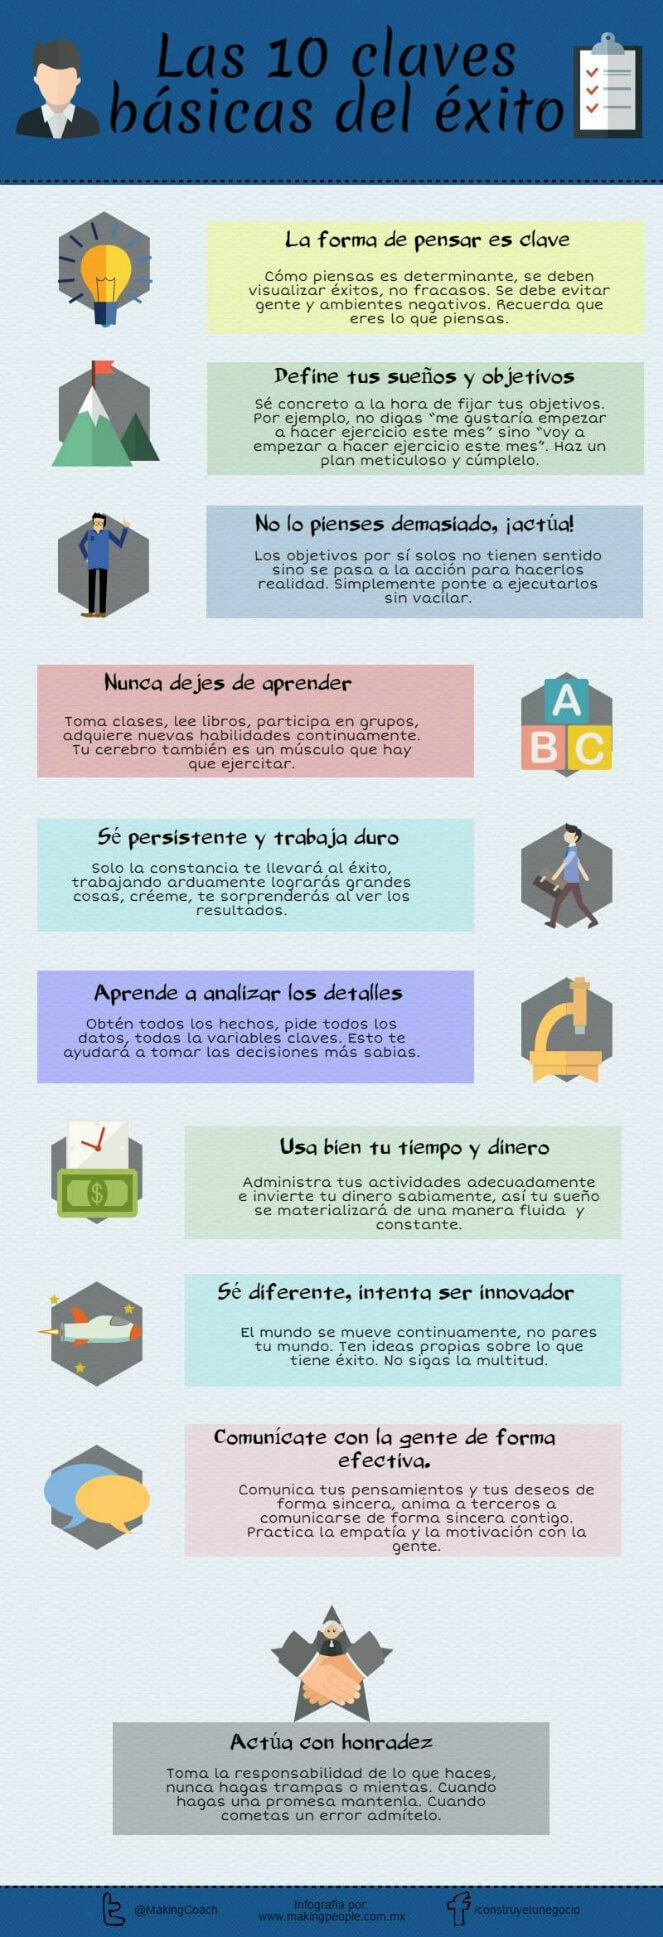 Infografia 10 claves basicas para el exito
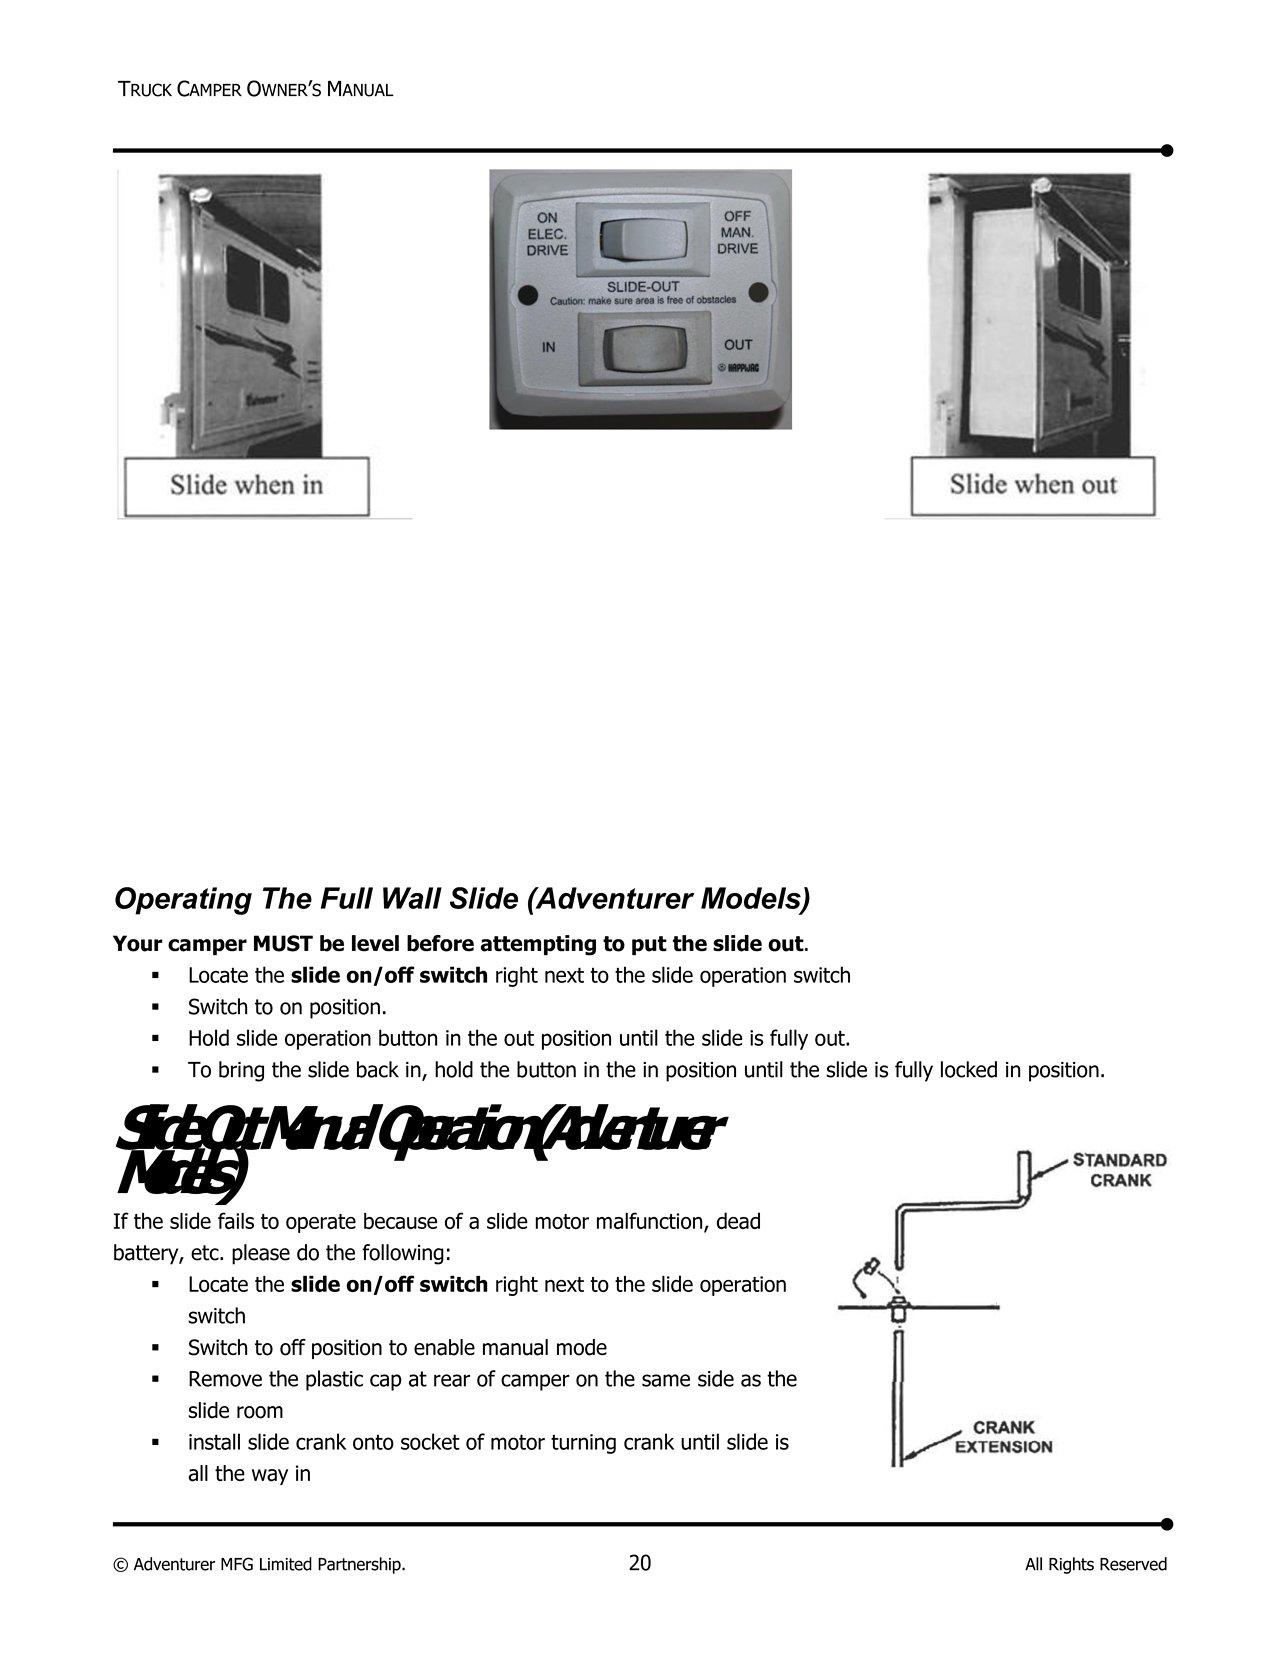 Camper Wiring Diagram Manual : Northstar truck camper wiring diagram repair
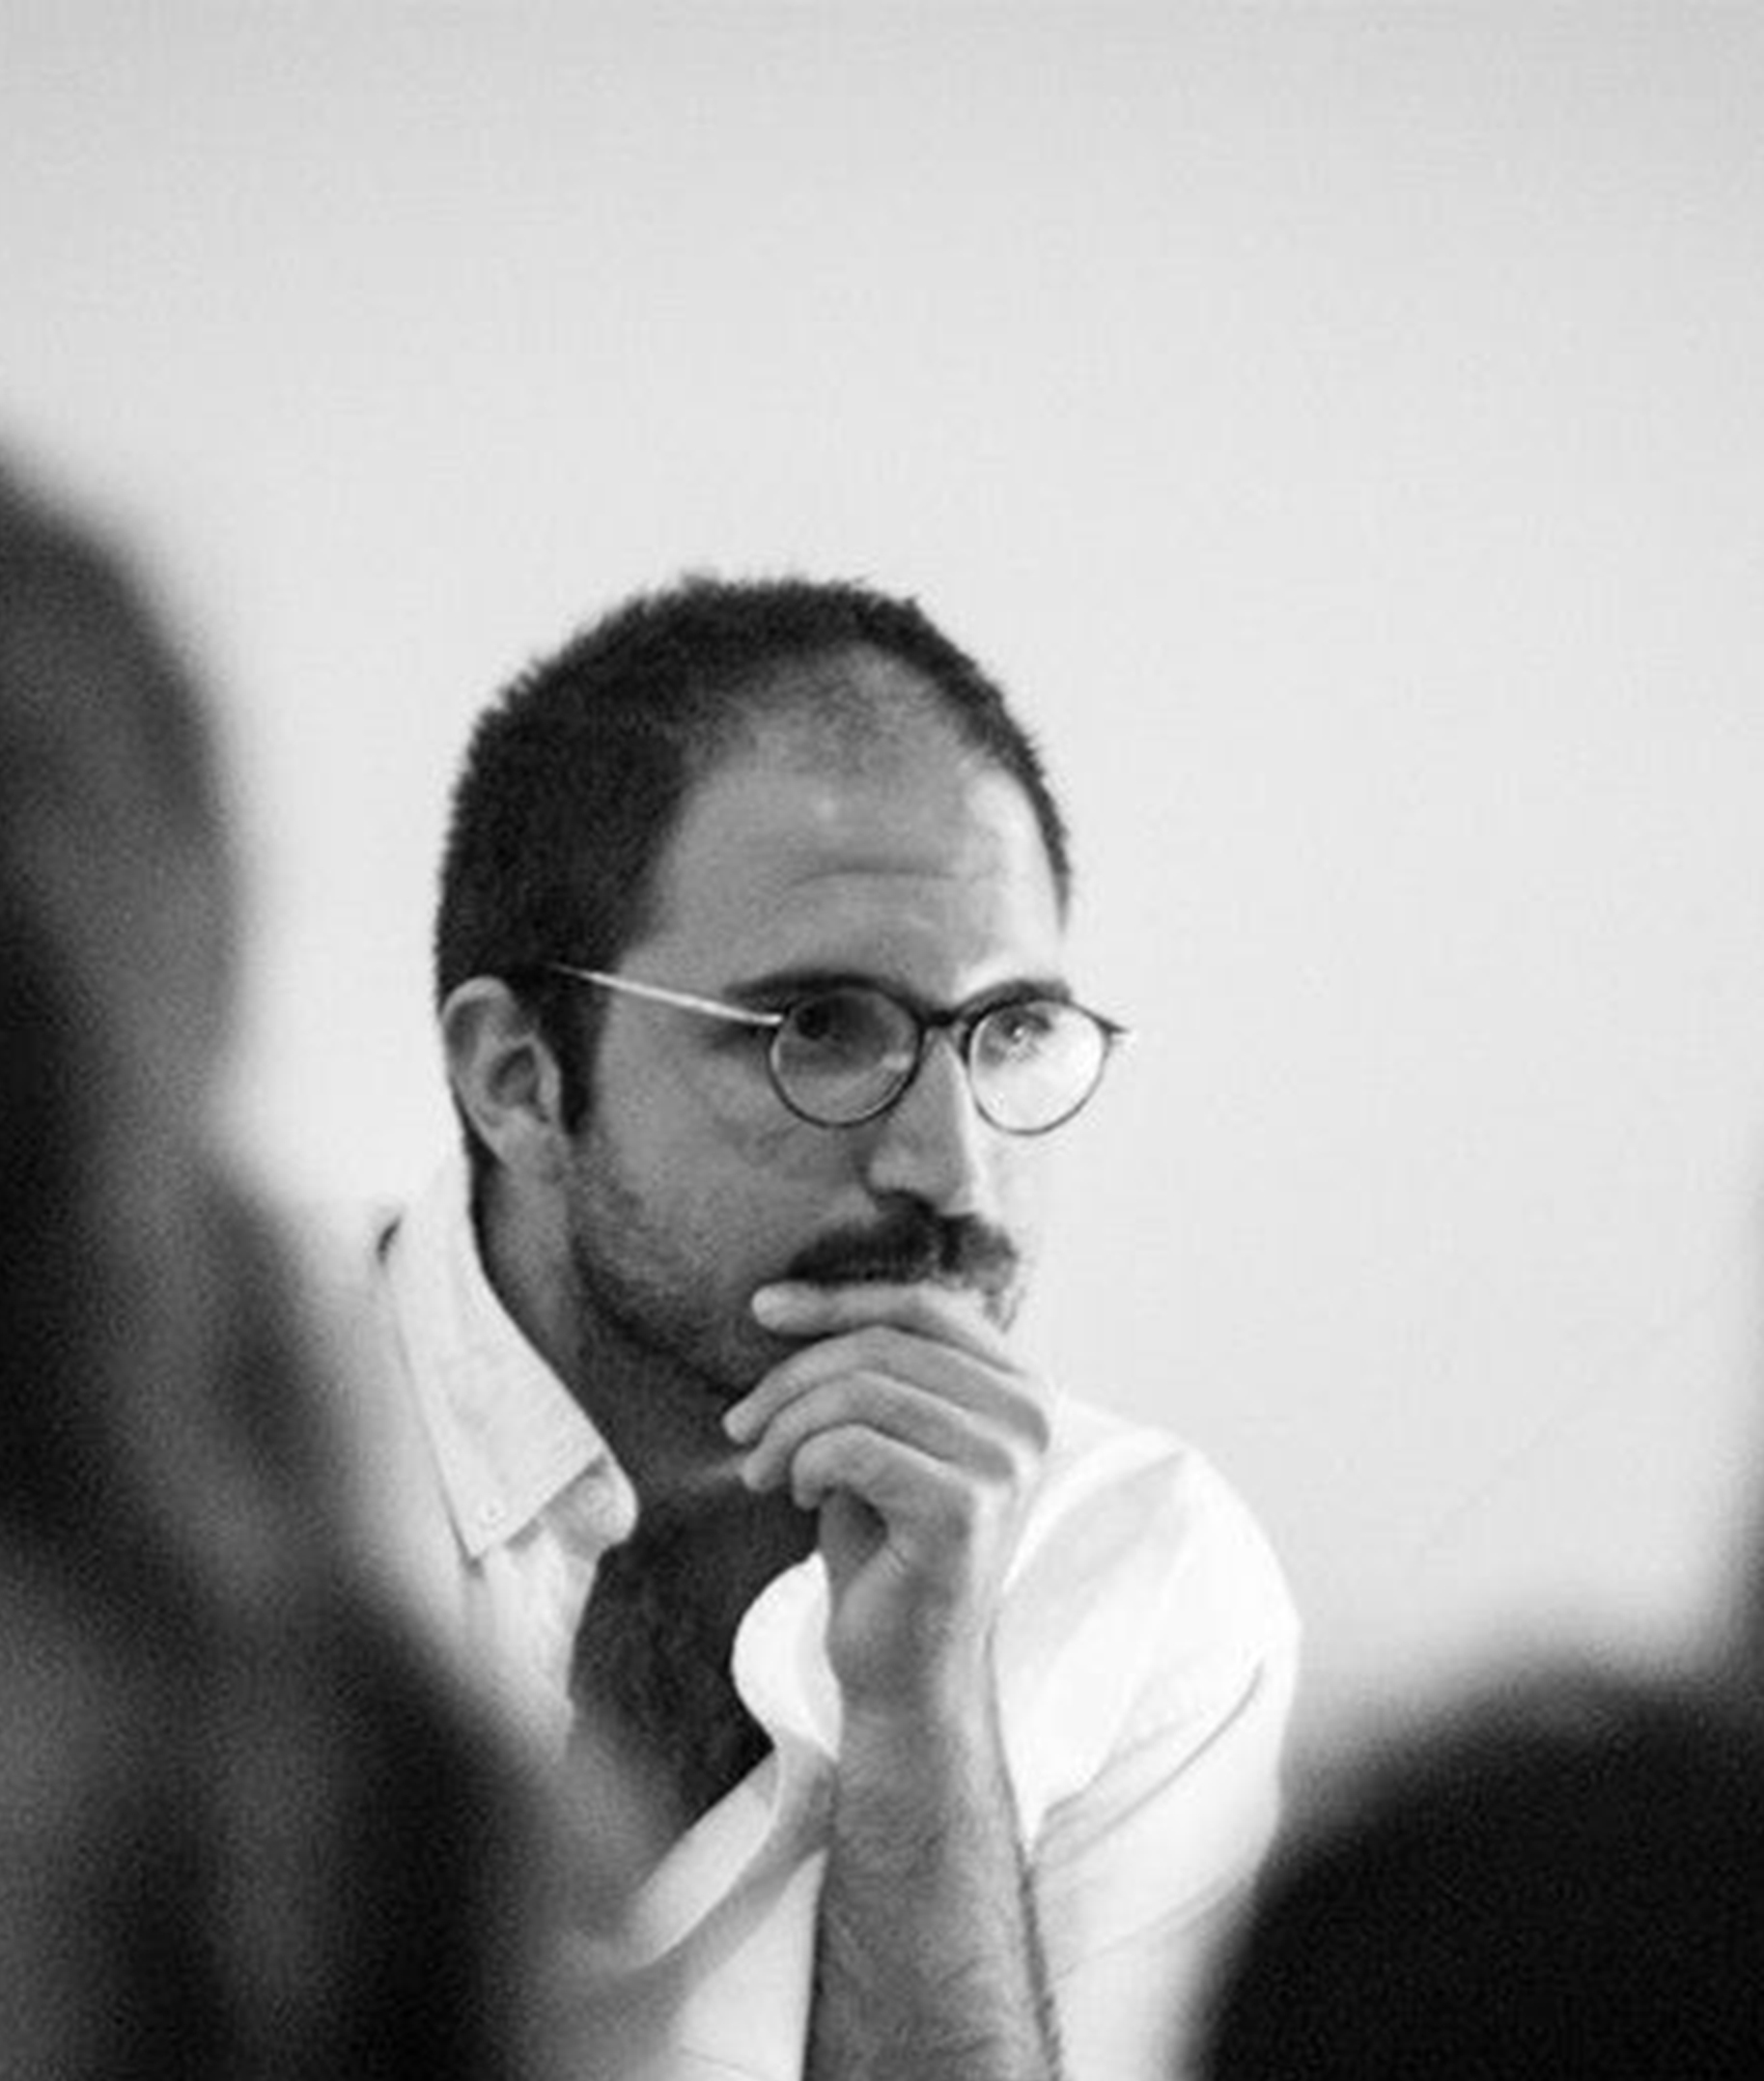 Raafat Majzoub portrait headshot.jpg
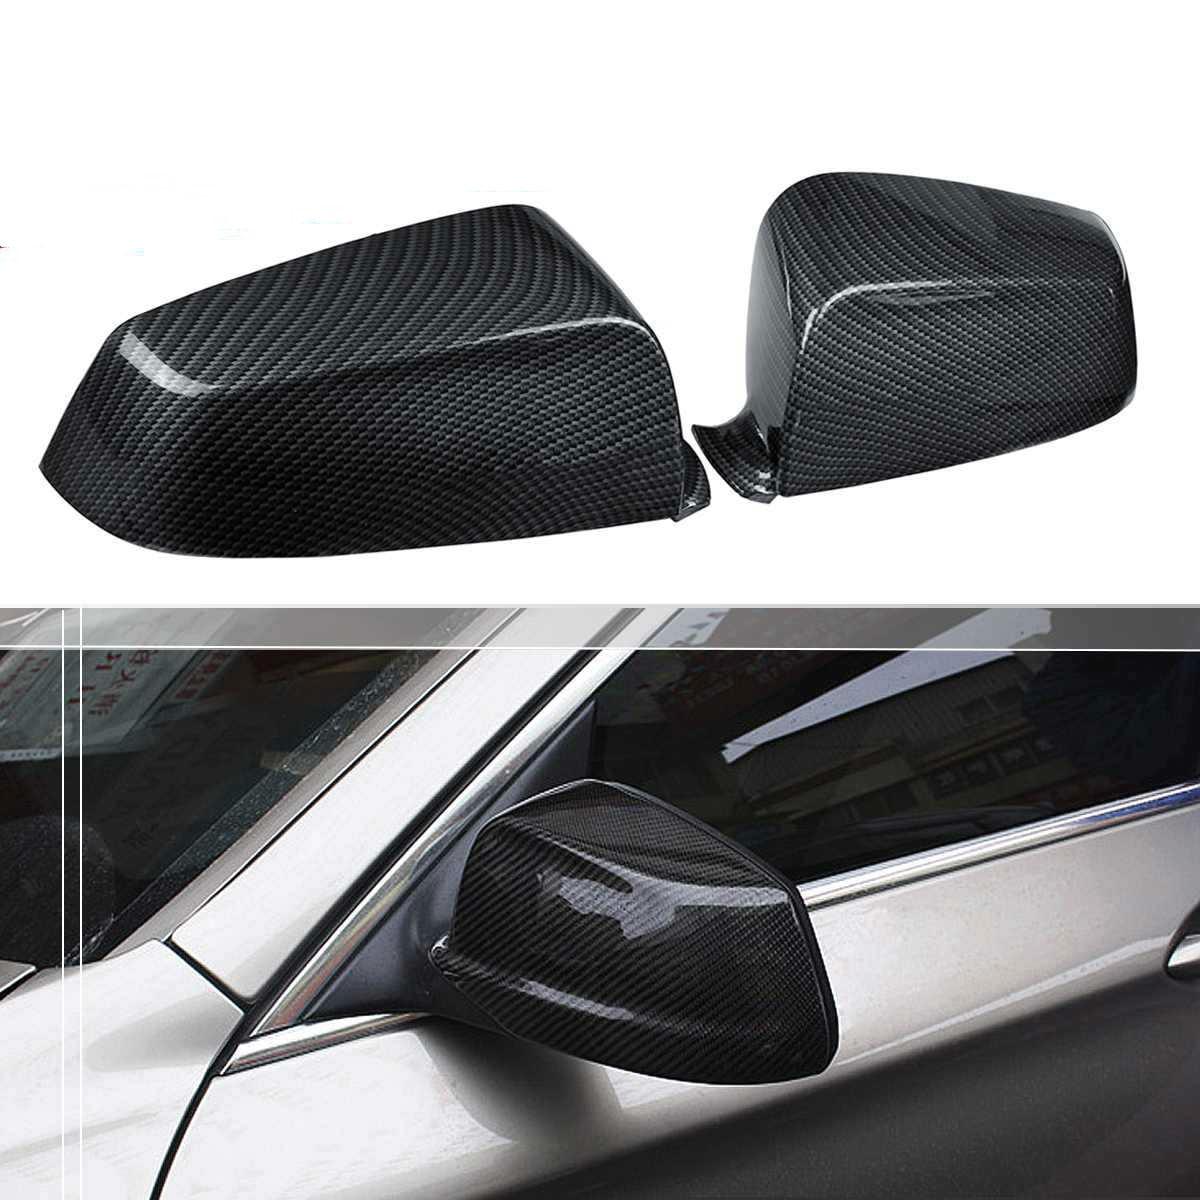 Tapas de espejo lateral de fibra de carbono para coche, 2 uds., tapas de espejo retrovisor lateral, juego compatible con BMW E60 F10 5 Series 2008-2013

WORK TO COMPLETE:
Once the pictures are removed, copy the material above exactly.

ANSWER SPACE:
 Infografia 10 claves basicas para el exito
 Camper Wiring Diagram Manual : Northstar truck camper wiring diagram repair
 Raafat Majzoub portrait headshot.jpg
 Tapas de espejo lateral de fibra de carbono para coche, 2 uds., tapas de espejo retrovisor lateral, juego compatible con BMW E60 F10 5 Series 2008-2013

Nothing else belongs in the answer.